■ Data shown ■
== Segment start ==

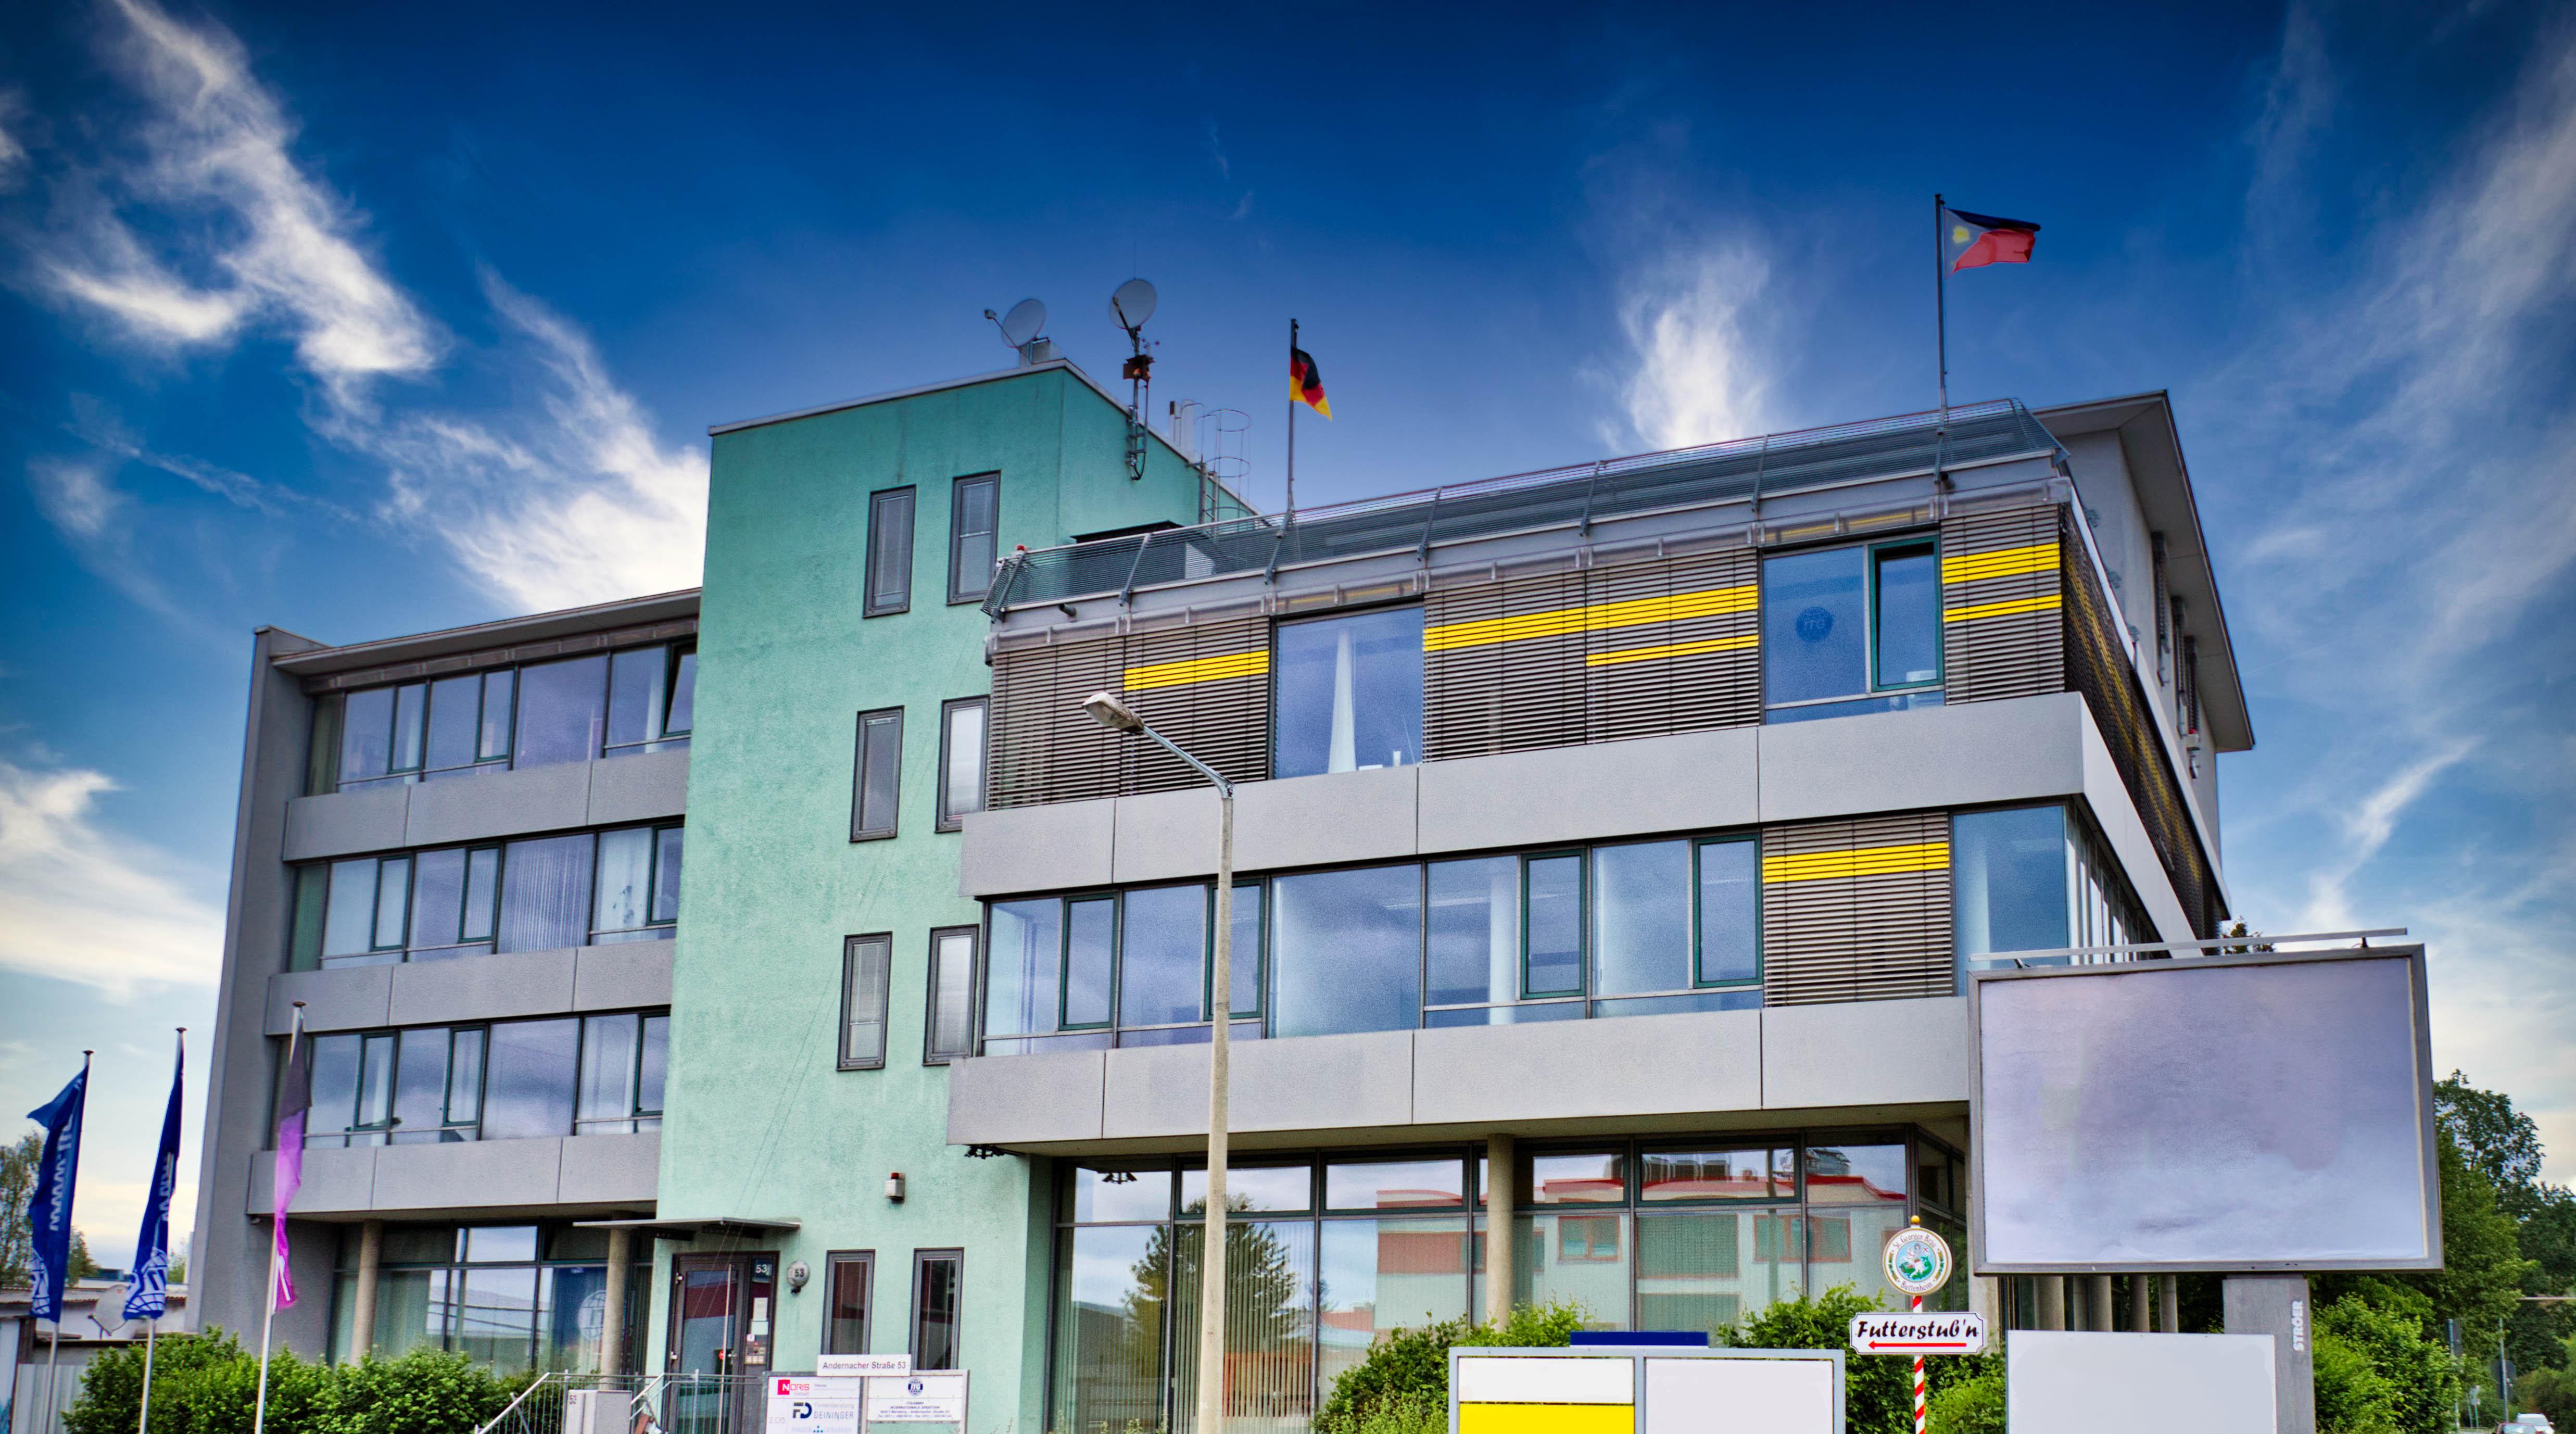 Bild des Gebäudes, welches unsere Räumlichkeiten enthält.
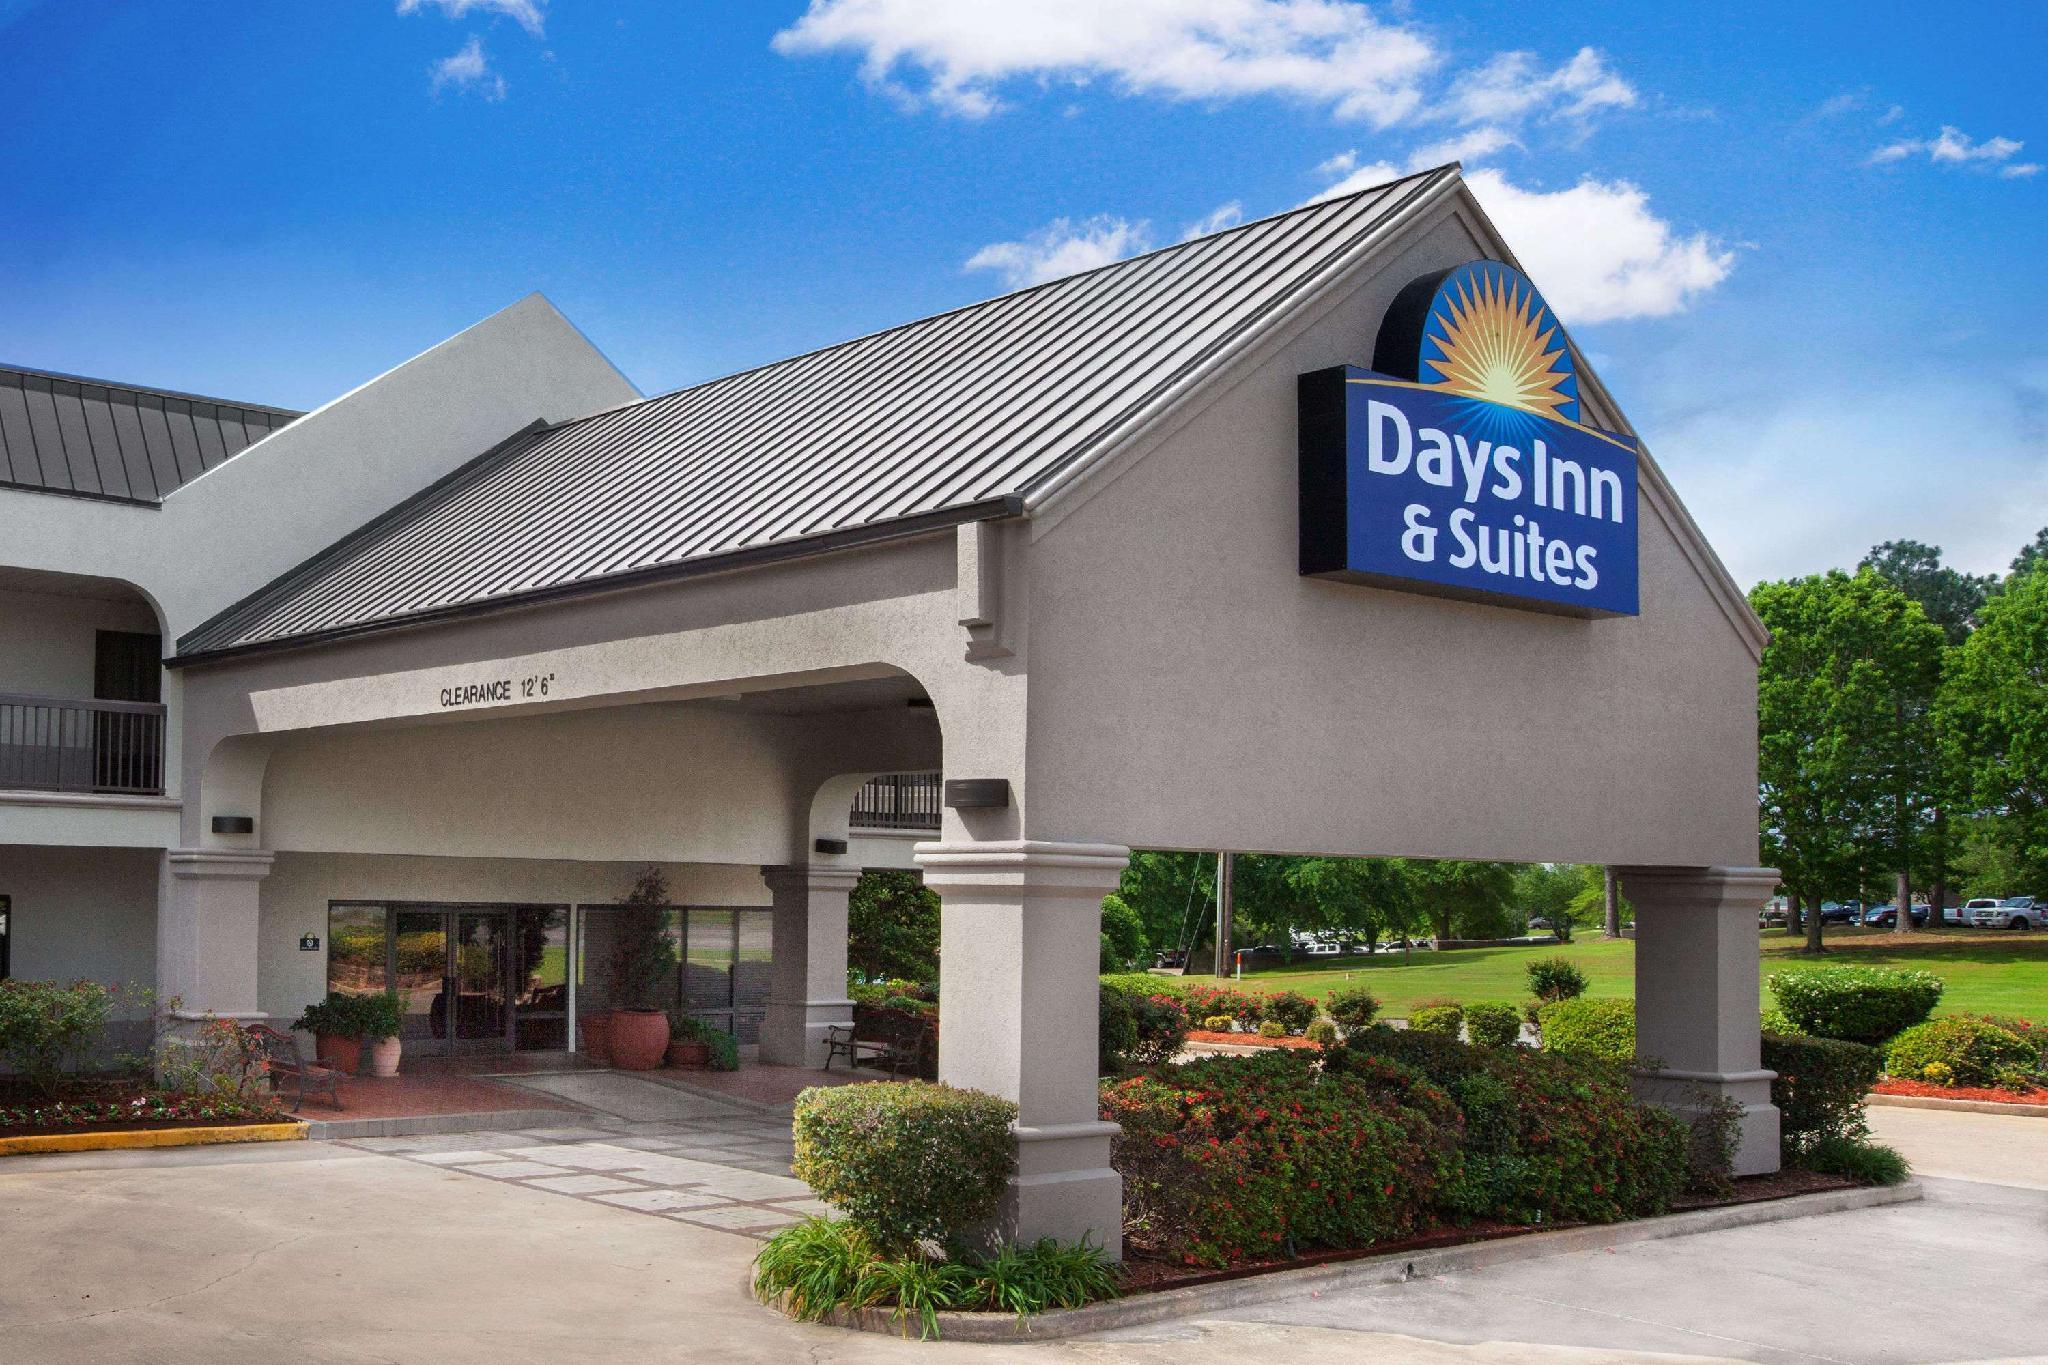 Days Inn & Suites By Wyndham Tyler
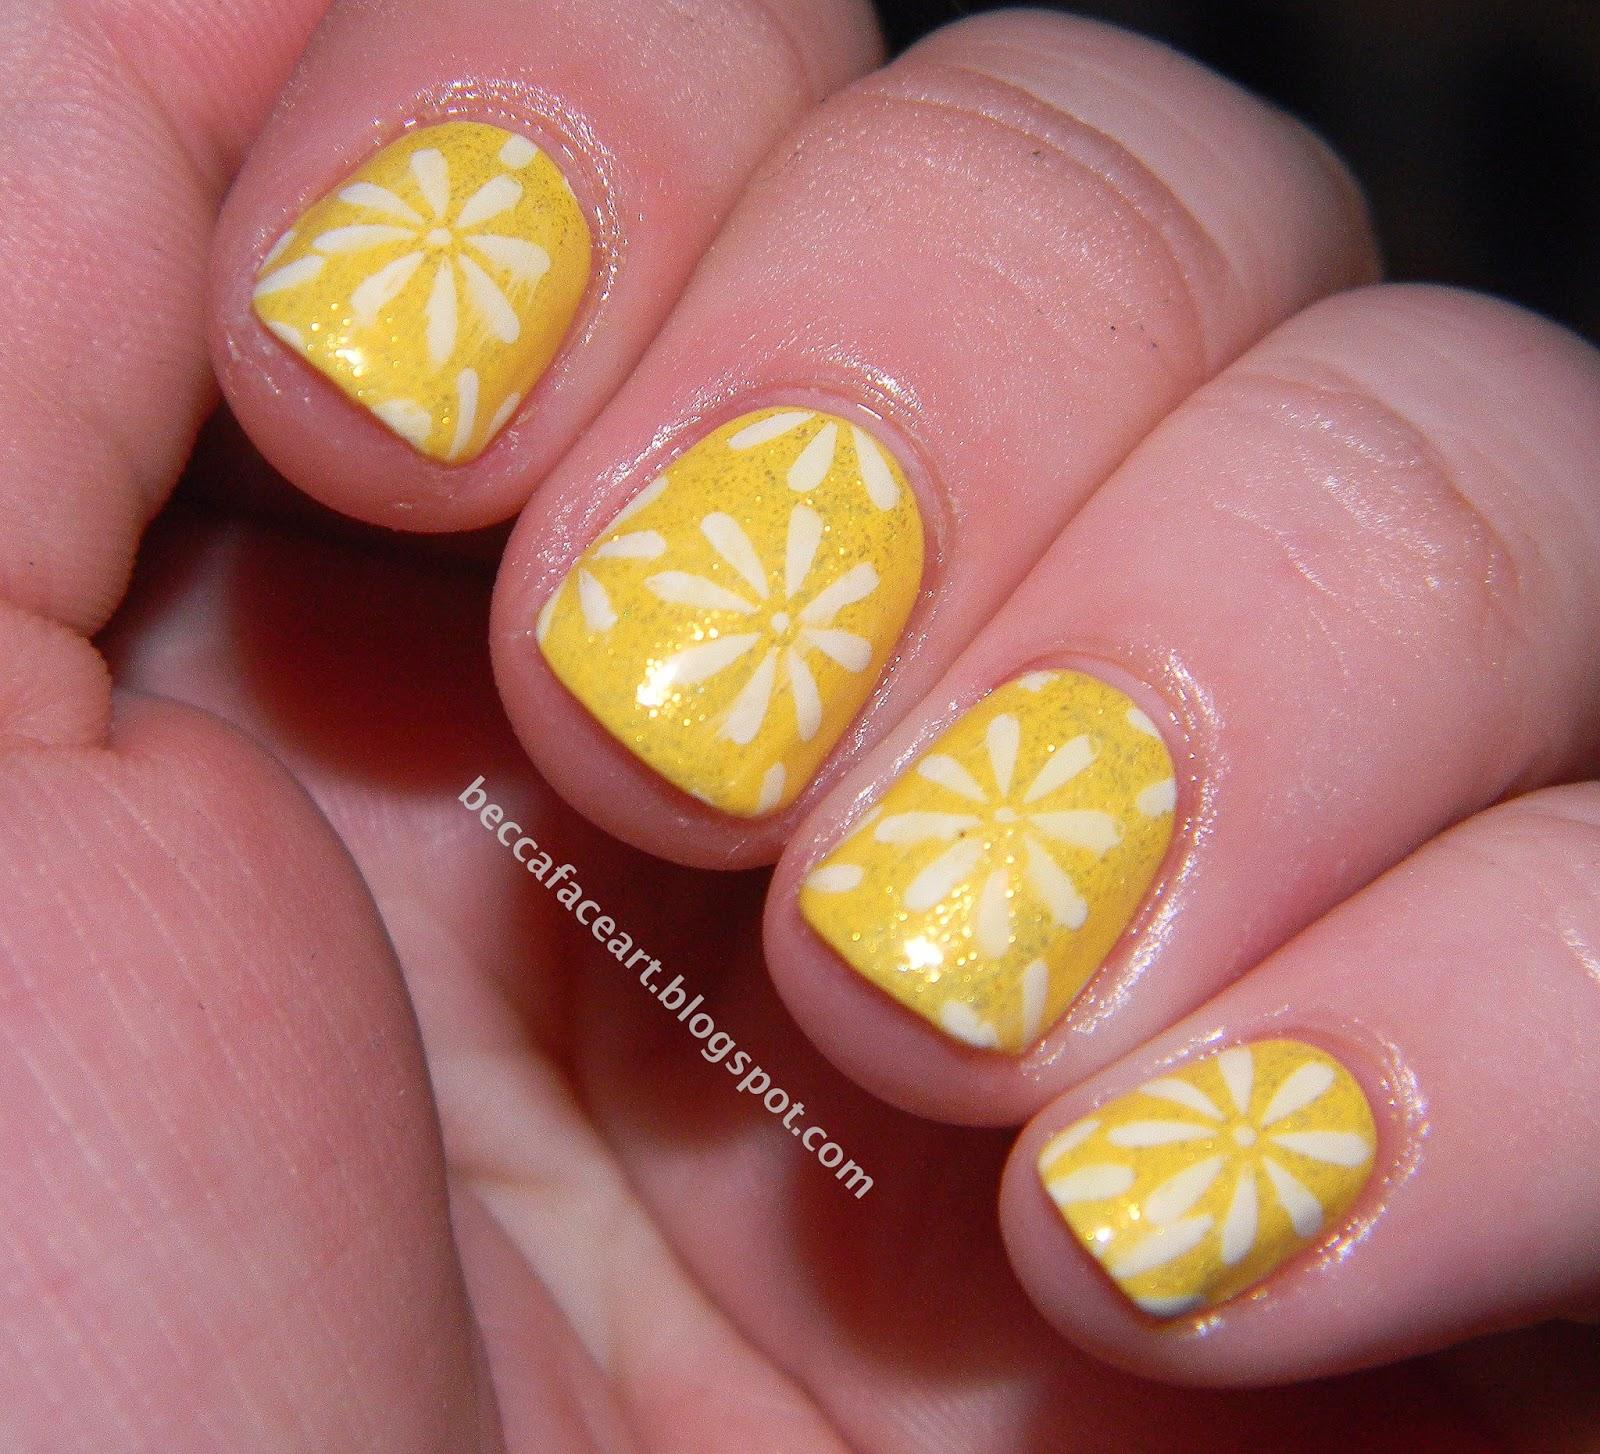 Becca Face Nail Art 31 Day Nail Art Challenge Day 3 Yellow Nails

== Segment end ==

With the pictures left out, return the listing above exactly as it stands.

 Bild des Gebäudes, welches unsere Räumlichkeiten enthält.
 Days Inn & Suites By Wyndham Tyler
 Becca Face Nail Art 31 Day Nail Art Challenge Day 3 Yellow Nails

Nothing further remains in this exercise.